Latin America’s big economies falter: Brazil, Mexico and Argentina all contracting in first quarter

The International Monetary Fund cut its outlook for global growth to the lowest rate since the financial crisis in its latest outlook issued in April. The world economy will grow 3.3 % this year, down from the 3.5 % the IMF had forecast for 2019 in January, according to the latest World Economic Outlook. World trade, which had been growing at about 5%, expanded by 3.8% last year and is forecast to rise 3.4% in 2019.

Latin America is particularly hard hit, as the region’s three largest economies are all contracting for the first time in three years.

In a very worrisome analysis, Bloomberg says that Latin America “is on the verge of suffering another lost decade.”

The in-depth Bloomberg article reports that the region is still struggling to cope with the end of the commodities boom, and has expanded only 0.7% a year on average during the past few years, not enough to keep up with population growth.

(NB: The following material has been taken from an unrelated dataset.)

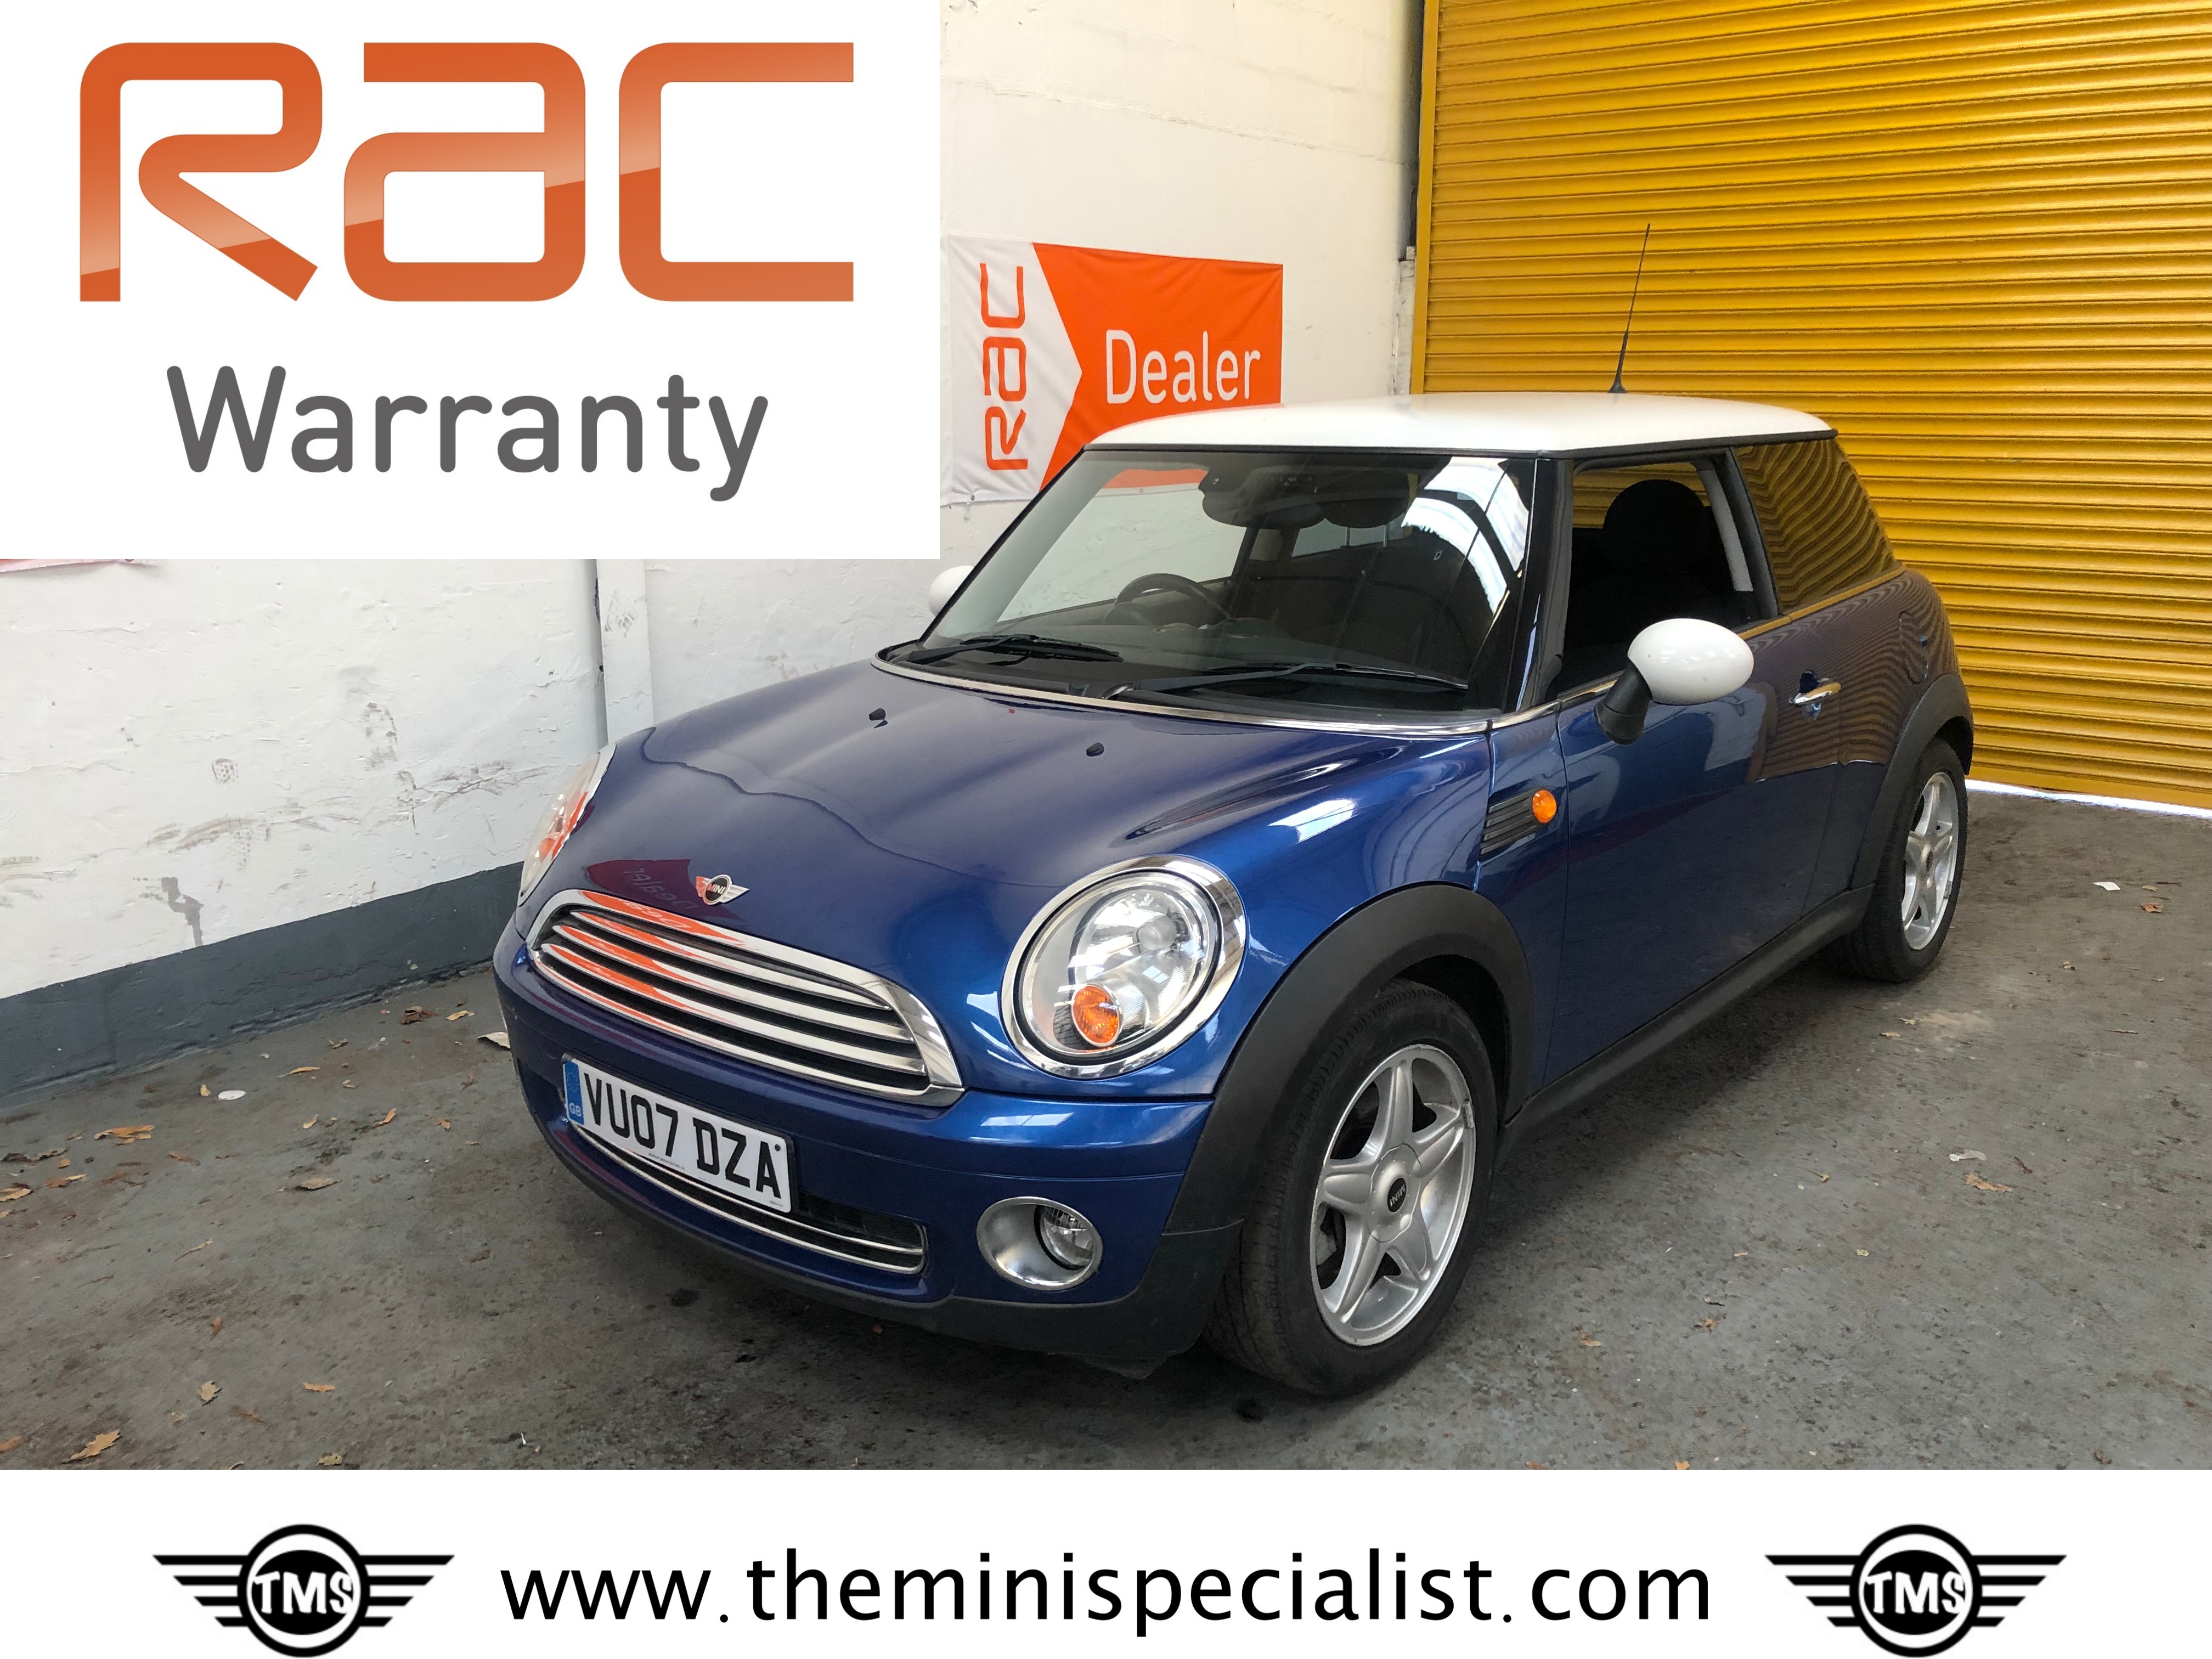 SOLD - 2007 MINI Cooper Automatic in Lightning blue - SOLD - The

Now its biggest economies — Brazil, Mexico and Argentina — have contracted simultaneously for the second time in just over three years, according to the International Monetary Fund.

Trade tensions – especially between China and the U.S.—as well as “structural weaknesses” that were not addressed when agricultural, energy and metals prices soared over the past decade are among the reasons cited for the weakness. In particular, the analysis cites Mexico’s inefficient state-owned oil company and unsustainable social security spending in Brazil.

Bloomberg reports: “Brazil’s economy shrank between January and March, a key central bank activity index showed May 15. (NOTE: the country’s first quarterly contraction since 2016.) For all of 2019, forecasters see Latin America’s largest economy expanding little more than 1%, its third year of such tepid growth. What’s more, Brazilians’ average income plunged 8% during the last recession and have since stagnated, according to a May 17 report by Affonso Celso Pastore, a former central bank president.”

Brazil’s shrinking GDP is fueling recession fears. On May 20, another article in Bloomberg reported that economists surveyed by the central bank are now saying Brazil’s economy will expand 1.24% this year, half of what they expected three months ago. This is the twelfth straight week that they reduced their estimates. Brazil grew 1.1% in both 2017 and 2018.

In Mexico, growth shrank in the first three months of the year as oil output and demand for services dropped and the government contained spending. Bank of America now sees just 1% growth this year. The U.S.-Mexico-Canada trade deal failing to win approval, erosion of confidence in the government and further declines in crude output are all risks, reports Bloomberg.

In Argentina, the economy shrank 6.8% in March, the 11th straight year-on-year monthly decline, in what may prove to be the longest downturn the country has faced yet. President Mauricio Macri’s efforts have so far proven unsuccessful and inflation is running above 50%.

Among the smaller countries in Latin America, Chile’s economy is stagnating, and Peru posted its lowest quarter of growth since 2017. Both economies rely heavily on their mining industries, and have been hurt by the U.S.-China trade war.

This does not take into account the complete economic collapse in Venezuela.

The economic downturns in the region are reflected in lower sales in the duty free channel: Duty free sales slipped by 20-25% from January-April ASUTIL Secretary General José Luis Donagaray told media in a webinar in April. Furthermore, at that time he said that the industry does not expect to see improvements “until October at least.”

 “It’s been a very tough period for the industry in South America. Brazil is not developing as the big growth engine to push the business,” he said.